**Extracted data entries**
+--
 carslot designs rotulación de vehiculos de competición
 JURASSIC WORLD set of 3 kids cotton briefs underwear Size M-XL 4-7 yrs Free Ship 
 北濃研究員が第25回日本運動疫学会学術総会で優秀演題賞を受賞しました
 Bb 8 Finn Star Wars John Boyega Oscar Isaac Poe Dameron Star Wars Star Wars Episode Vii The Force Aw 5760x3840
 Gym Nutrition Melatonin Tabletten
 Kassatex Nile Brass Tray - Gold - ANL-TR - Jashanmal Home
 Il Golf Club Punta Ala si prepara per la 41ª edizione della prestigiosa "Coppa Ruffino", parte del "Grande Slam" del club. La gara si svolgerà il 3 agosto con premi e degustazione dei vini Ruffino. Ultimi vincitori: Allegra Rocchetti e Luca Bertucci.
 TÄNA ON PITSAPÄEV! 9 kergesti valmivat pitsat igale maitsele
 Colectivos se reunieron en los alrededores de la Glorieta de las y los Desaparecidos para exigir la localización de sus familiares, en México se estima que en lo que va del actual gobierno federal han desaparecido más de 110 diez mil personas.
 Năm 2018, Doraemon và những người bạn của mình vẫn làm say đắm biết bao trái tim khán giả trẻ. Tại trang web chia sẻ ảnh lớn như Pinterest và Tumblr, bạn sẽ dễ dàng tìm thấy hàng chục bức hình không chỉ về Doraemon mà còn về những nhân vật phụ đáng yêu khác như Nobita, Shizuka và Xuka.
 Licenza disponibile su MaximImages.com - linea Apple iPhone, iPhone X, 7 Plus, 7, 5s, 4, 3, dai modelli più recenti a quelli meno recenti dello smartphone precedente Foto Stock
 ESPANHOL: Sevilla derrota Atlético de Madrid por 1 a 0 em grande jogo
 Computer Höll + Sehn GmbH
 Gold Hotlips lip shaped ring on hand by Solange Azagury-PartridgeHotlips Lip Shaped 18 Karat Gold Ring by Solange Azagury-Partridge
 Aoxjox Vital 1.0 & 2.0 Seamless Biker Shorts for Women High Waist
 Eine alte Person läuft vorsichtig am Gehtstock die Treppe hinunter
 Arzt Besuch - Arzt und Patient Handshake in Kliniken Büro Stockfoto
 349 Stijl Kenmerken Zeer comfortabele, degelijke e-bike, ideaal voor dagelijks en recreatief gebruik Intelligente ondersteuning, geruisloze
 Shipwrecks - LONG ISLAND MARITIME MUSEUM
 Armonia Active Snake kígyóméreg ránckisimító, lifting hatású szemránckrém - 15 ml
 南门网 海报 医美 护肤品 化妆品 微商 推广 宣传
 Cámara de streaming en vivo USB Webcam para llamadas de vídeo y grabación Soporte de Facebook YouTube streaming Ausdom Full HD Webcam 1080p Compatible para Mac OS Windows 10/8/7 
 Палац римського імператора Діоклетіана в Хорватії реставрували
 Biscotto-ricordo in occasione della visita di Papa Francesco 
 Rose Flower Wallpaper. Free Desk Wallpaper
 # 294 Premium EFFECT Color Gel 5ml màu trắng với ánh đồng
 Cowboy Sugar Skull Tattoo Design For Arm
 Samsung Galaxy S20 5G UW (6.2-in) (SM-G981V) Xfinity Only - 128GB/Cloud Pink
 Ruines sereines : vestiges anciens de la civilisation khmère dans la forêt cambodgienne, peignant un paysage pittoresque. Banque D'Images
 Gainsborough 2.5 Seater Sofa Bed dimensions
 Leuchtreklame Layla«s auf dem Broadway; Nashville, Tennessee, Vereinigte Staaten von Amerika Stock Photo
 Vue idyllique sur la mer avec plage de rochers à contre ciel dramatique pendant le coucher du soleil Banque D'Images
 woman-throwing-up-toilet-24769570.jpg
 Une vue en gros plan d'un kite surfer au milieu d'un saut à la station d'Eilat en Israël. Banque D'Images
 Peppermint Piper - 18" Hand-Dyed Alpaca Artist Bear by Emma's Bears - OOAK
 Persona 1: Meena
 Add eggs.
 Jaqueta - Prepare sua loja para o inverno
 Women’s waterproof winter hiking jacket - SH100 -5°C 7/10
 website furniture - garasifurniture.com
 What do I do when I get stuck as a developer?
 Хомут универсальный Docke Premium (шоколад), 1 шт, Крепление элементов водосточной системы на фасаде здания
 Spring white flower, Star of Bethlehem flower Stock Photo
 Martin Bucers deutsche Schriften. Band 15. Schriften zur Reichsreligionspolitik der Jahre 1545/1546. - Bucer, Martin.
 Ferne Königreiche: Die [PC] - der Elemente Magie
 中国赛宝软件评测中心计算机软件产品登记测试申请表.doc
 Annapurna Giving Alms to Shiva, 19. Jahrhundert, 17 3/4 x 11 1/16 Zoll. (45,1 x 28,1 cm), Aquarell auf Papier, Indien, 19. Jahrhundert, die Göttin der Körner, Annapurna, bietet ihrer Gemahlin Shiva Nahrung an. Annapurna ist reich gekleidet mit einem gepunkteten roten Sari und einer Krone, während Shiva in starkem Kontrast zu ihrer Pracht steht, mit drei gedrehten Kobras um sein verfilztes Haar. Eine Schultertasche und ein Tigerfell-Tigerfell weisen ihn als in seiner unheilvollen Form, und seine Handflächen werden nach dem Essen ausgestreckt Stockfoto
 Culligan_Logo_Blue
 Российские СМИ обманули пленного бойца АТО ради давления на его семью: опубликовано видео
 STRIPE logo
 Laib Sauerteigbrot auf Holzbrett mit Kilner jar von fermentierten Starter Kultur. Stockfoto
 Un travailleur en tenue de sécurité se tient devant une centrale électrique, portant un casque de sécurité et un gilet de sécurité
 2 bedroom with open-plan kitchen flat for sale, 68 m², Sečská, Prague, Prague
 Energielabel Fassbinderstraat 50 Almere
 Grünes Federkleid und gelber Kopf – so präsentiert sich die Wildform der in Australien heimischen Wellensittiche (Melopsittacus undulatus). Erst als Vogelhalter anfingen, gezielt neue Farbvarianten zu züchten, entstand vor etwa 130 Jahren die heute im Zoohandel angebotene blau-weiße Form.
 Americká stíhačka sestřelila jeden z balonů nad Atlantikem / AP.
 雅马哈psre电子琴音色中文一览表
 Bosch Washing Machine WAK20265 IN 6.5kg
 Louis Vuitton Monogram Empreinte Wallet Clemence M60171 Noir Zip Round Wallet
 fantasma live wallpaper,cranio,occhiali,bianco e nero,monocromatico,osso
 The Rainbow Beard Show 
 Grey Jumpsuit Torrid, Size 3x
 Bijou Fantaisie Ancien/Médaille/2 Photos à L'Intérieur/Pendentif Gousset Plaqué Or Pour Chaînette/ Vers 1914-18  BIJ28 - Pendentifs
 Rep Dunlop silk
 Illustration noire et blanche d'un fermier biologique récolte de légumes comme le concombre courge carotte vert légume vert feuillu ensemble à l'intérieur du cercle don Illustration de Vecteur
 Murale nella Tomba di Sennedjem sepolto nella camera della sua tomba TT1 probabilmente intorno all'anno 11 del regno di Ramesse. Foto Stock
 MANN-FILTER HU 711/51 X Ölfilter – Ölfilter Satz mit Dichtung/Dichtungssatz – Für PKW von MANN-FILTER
+--
**Problem description**
Could you work out how many lines above contain the string "Premium"? Answer with the number only.

**Problem solution**
2